══ LISTED RECORDS ══

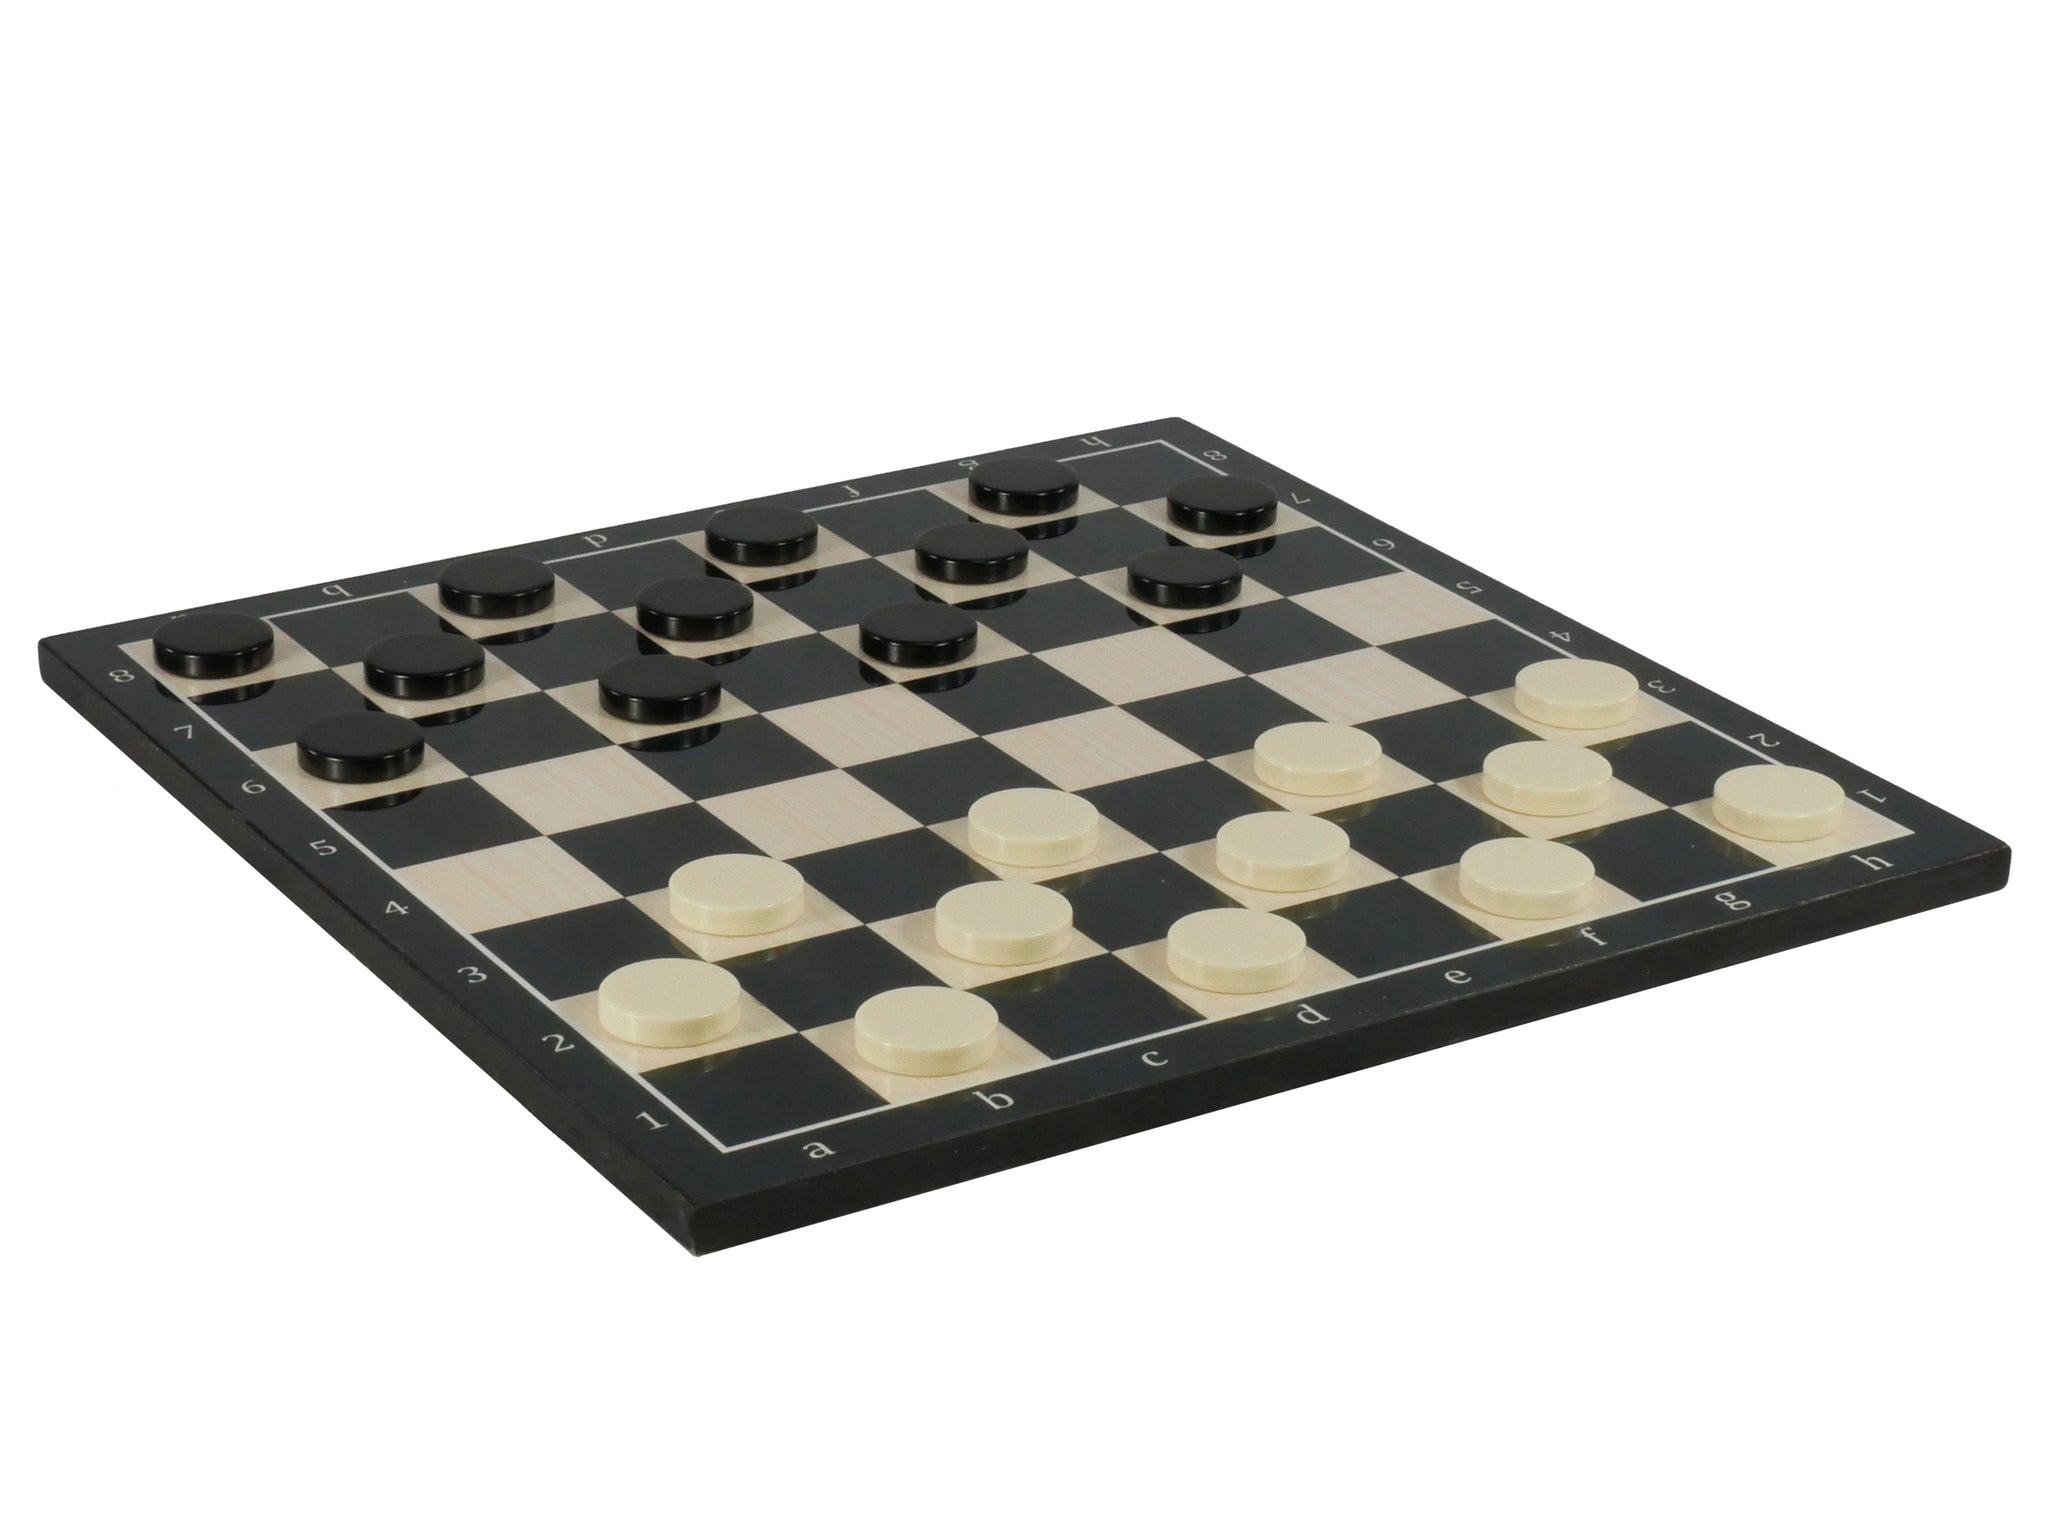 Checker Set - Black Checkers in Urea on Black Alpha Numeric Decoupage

═══
══ LISTED RECORDS ══

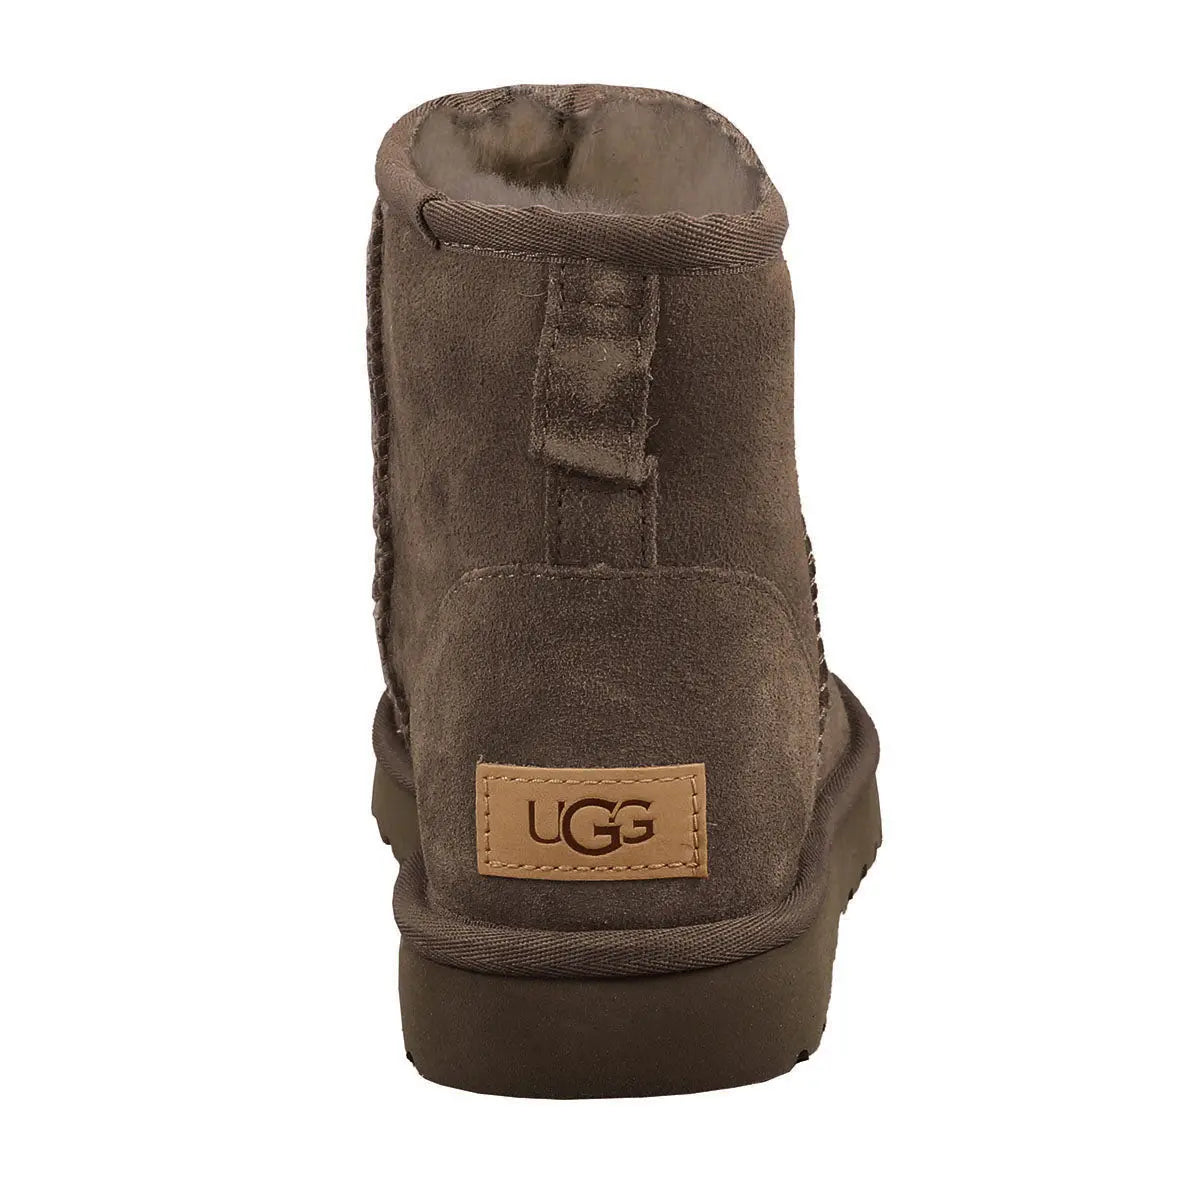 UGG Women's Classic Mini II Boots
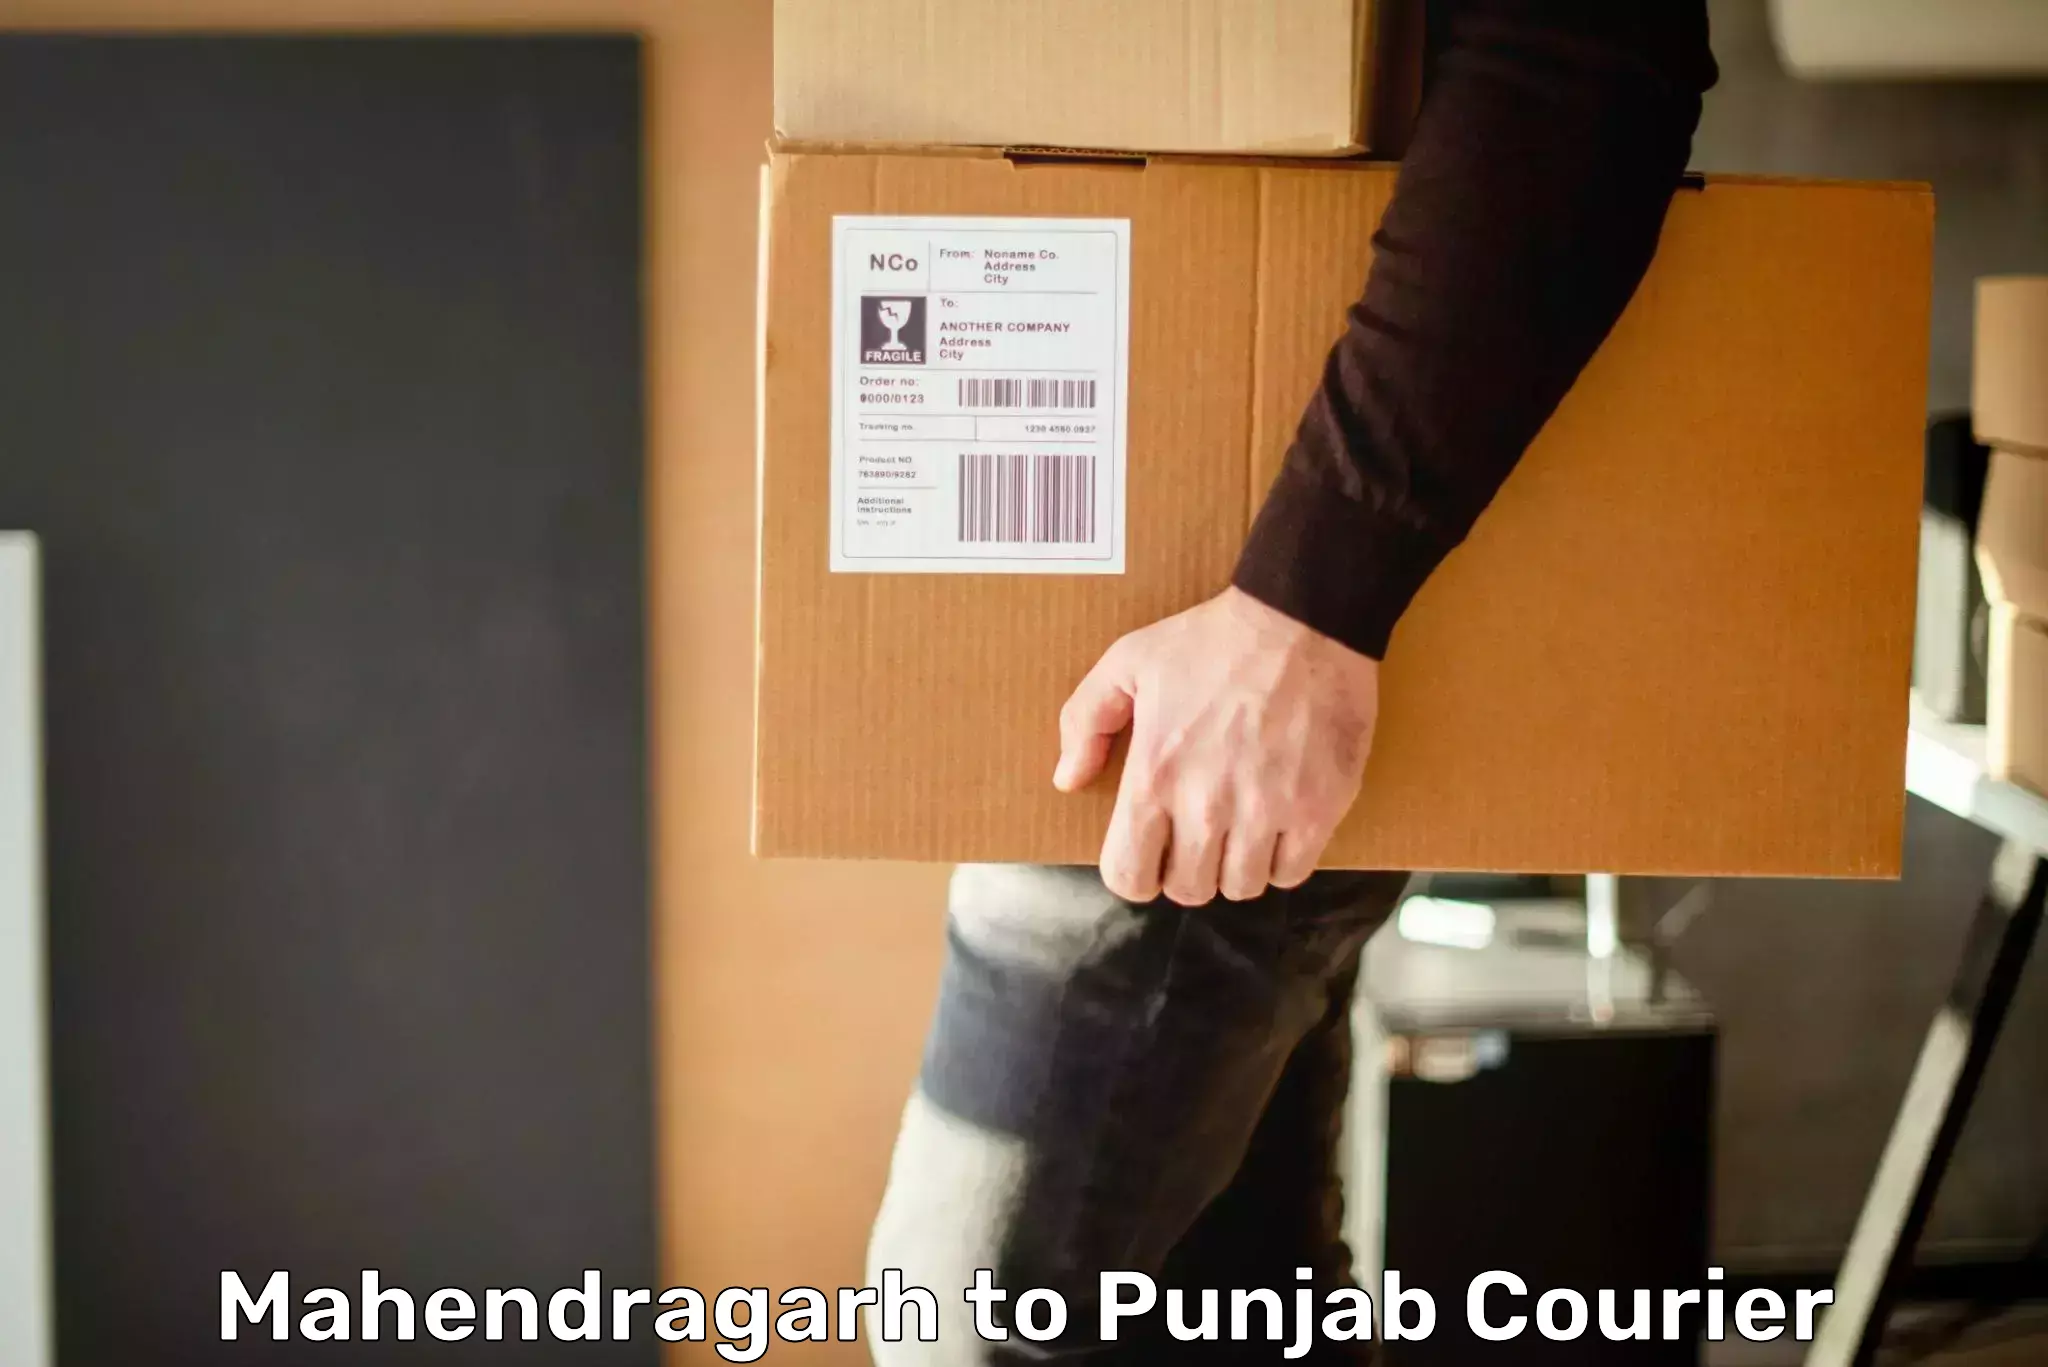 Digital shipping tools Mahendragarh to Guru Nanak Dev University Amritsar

═══
══ LISTED RECORDS ══

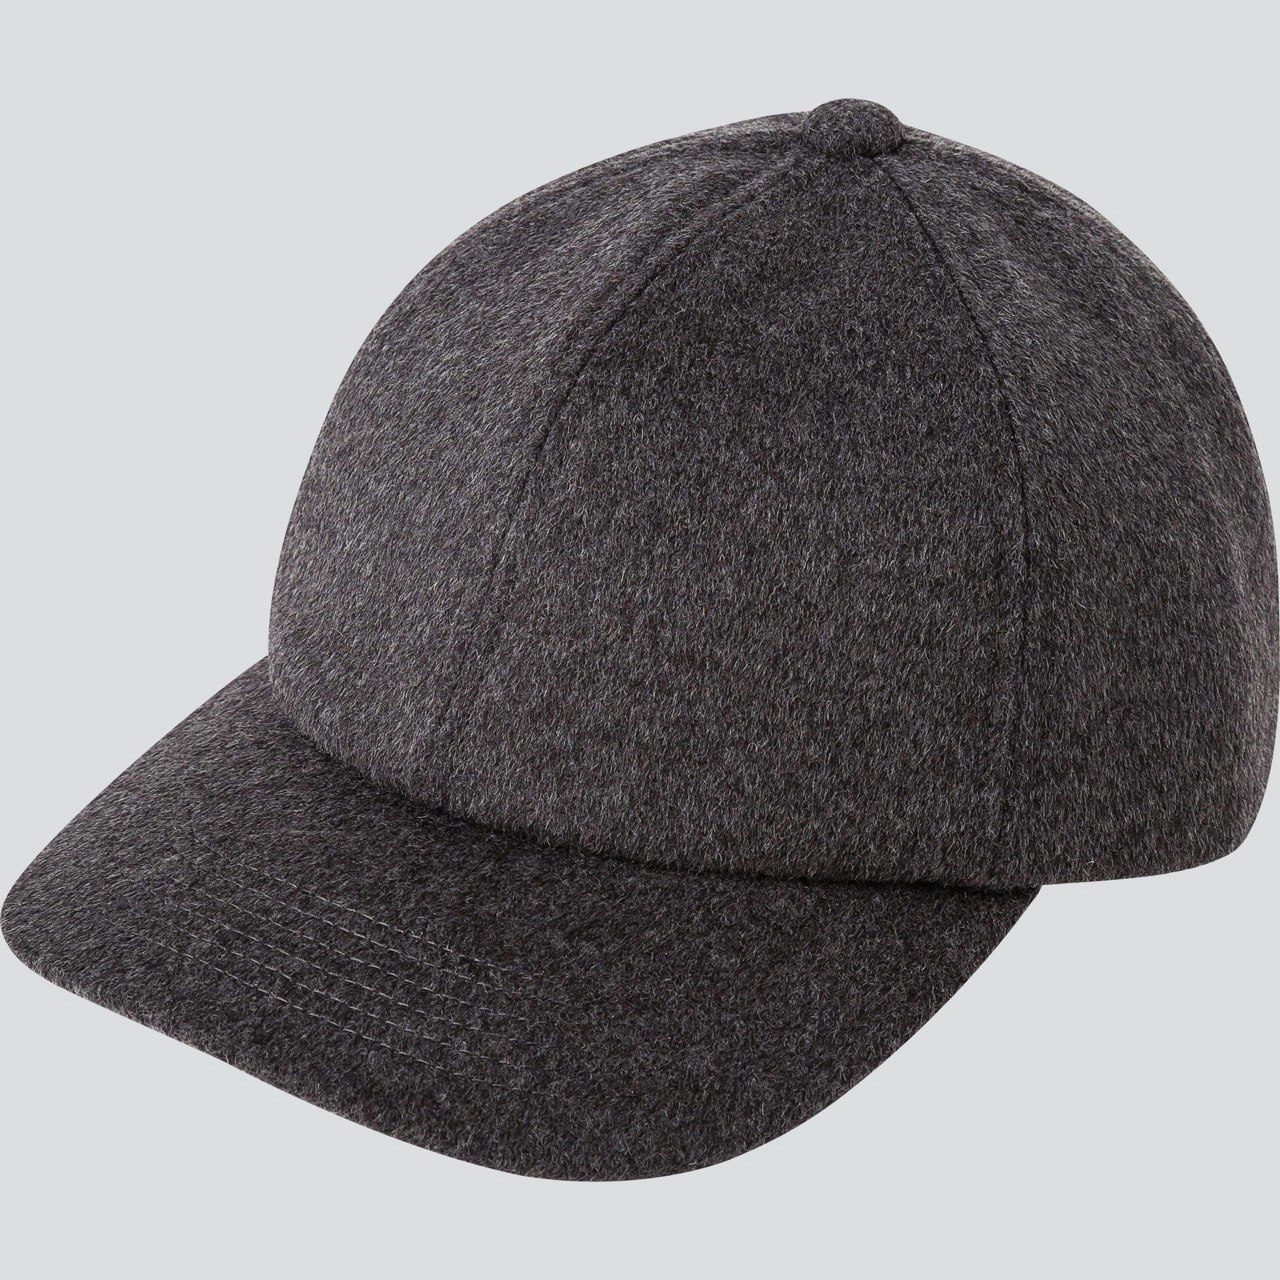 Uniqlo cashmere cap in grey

═══

**WHAT IS EXPECTED**
Pictures excluded, transcribe the listing above exactly from the line with "UGG Women's Classic Mini II Boots" through the line with "Digital shipping tools", and no further.

**TASK RESULT**
 UGG Women's Classic Mini II Boots
 Digital shipping tools Mahendragarh to Guru Nanak Dev University Amritsar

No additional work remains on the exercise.